WHAT YOU SHOULD DO>
Exactly how many lines in this listing contain "from"? Only the number is needed.

EXCERPTED RECORDS>
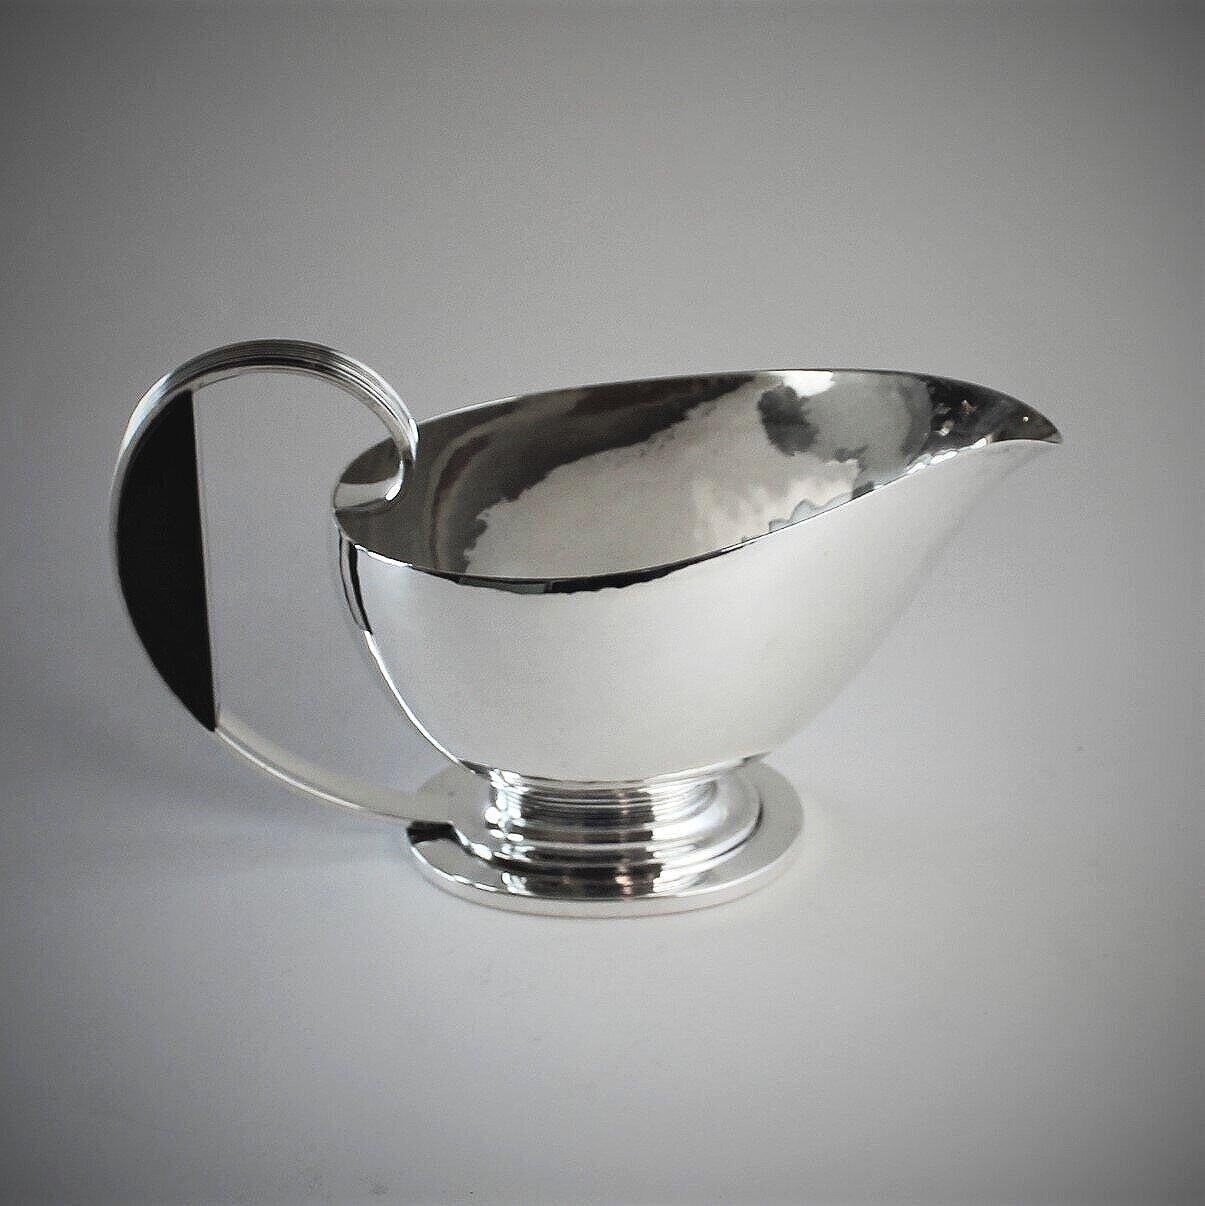 Georg Jensen Sterling silver Art Deco sauce boat with ebony handle, No.766 by Gustav Pedersen.

Heavy and the ebony handle acts as an insulator from the heat. 

Came from an estate of a prominent DC socialite.

A similar example can be seen in
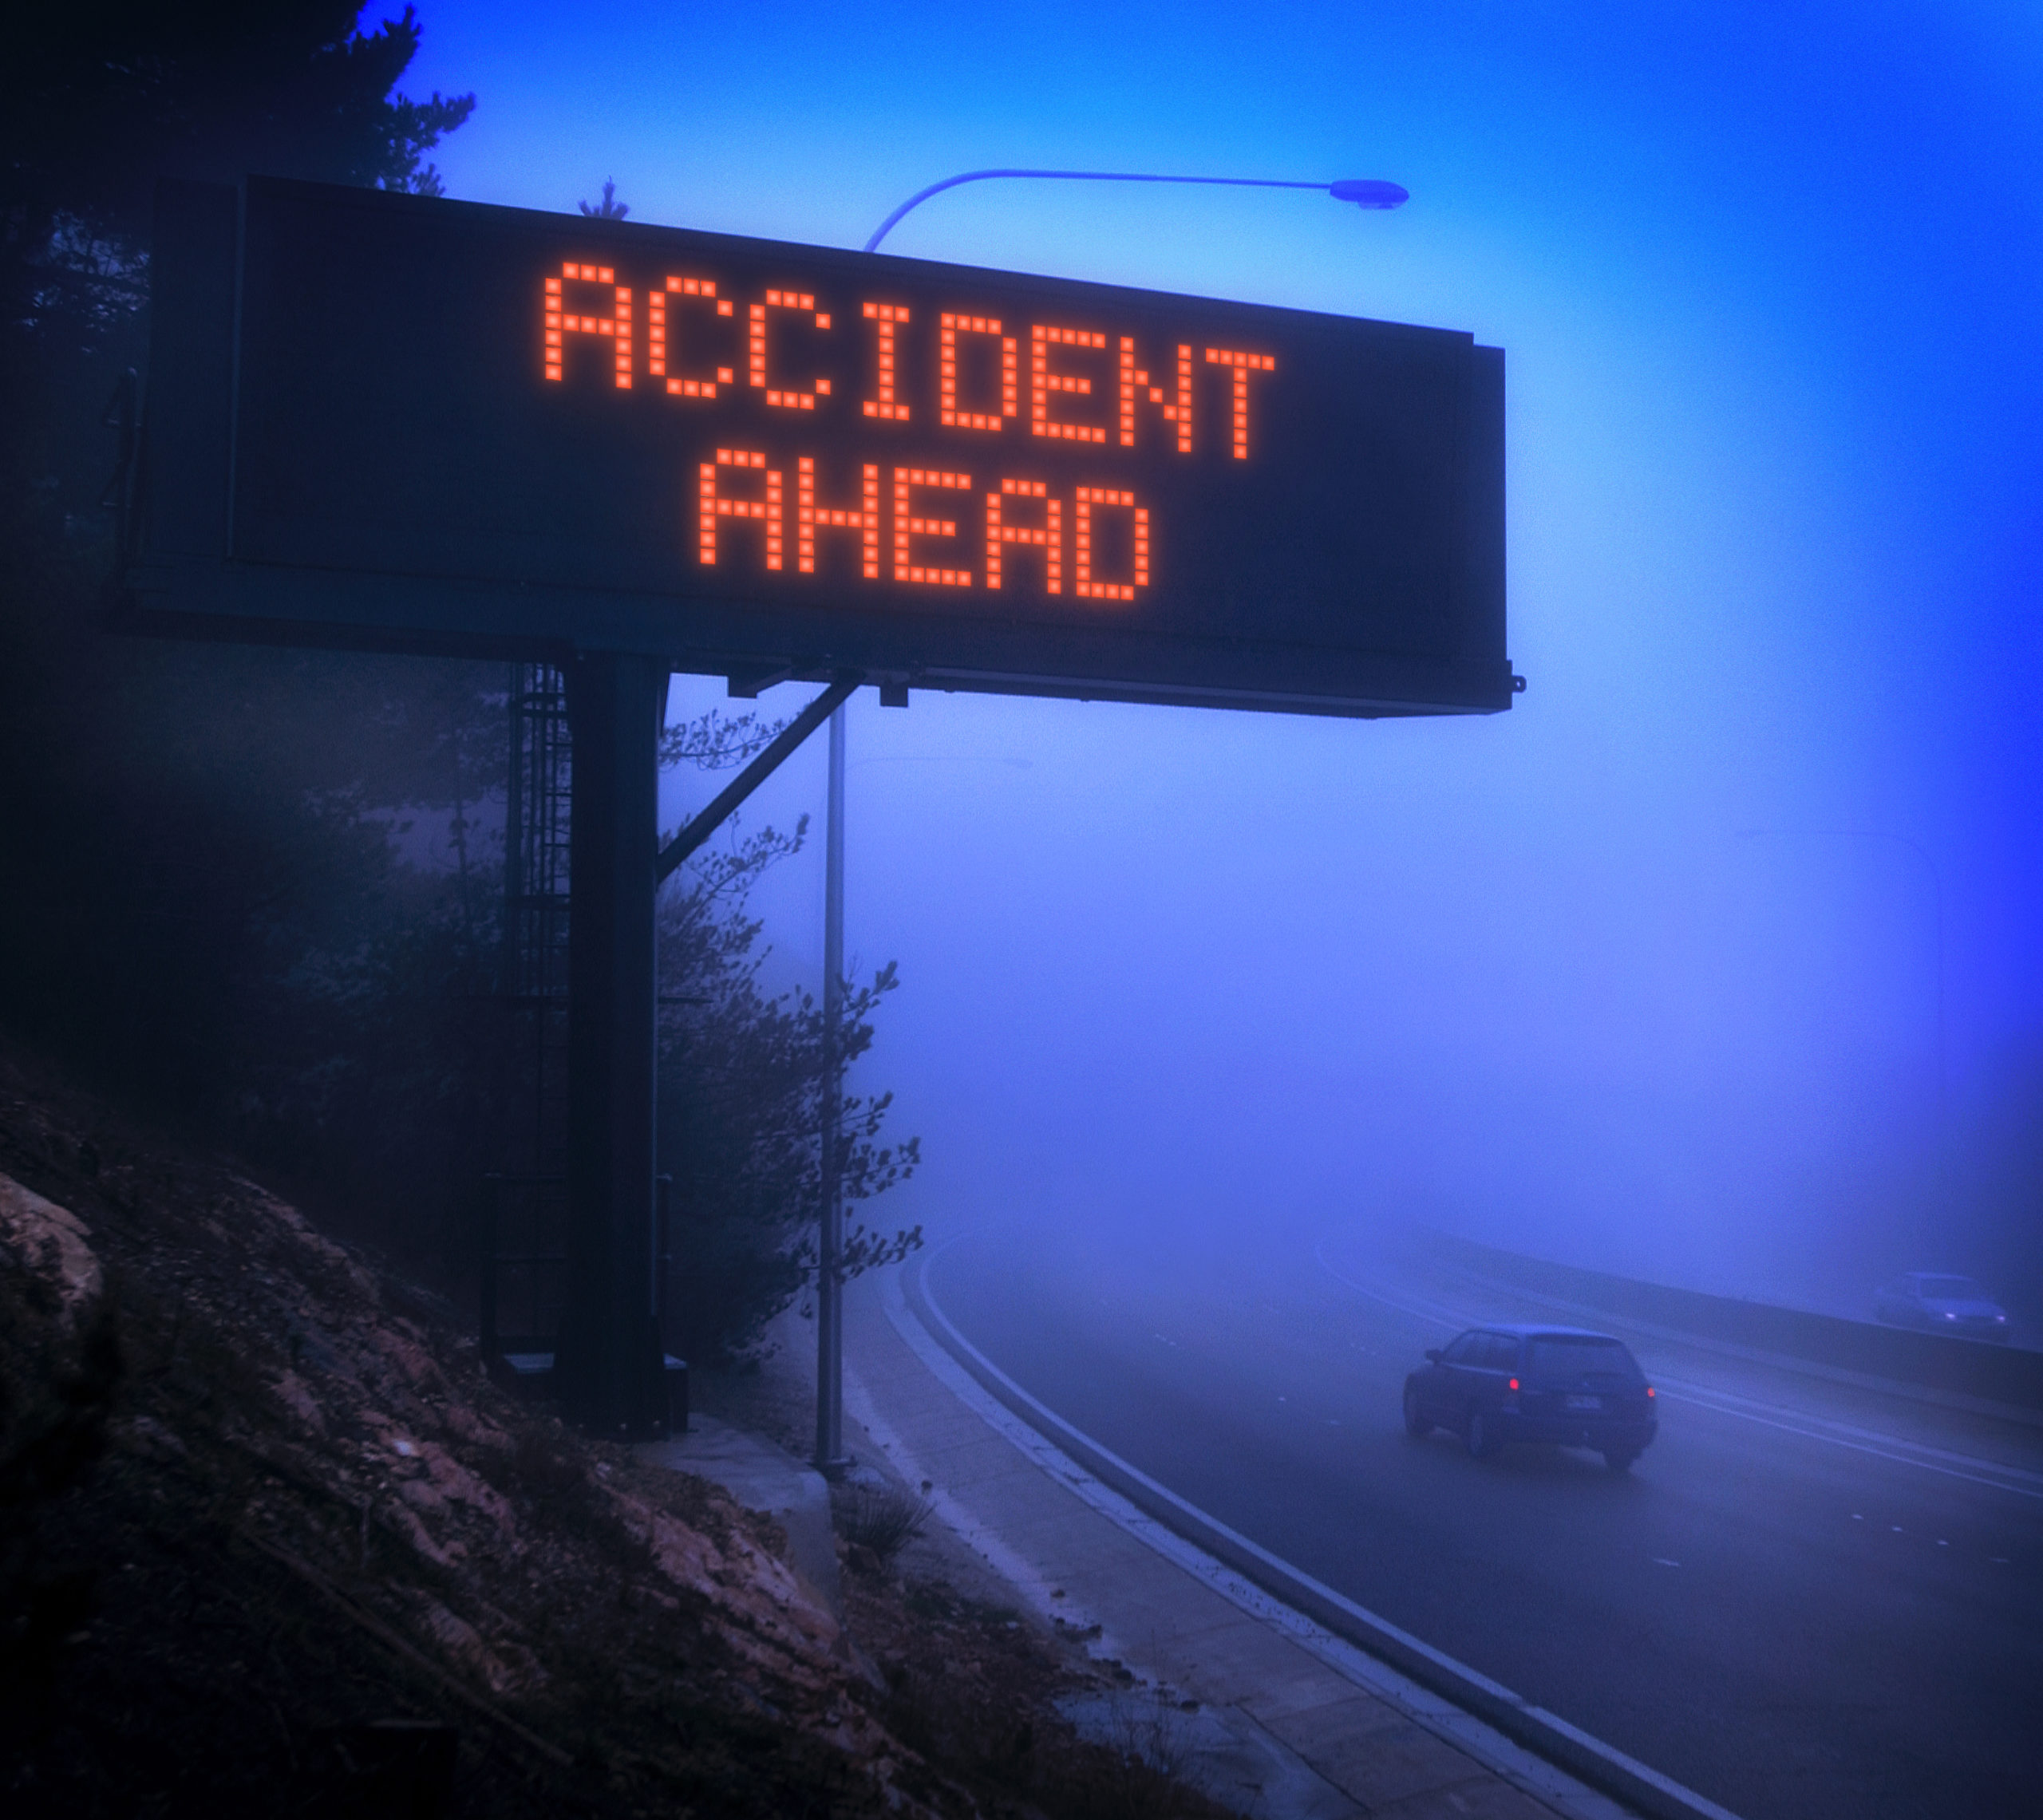 The Most Common Injuries Following a Car Crash - accident road alert system over mountain highway at night

EXERCISE OUTPUT>
2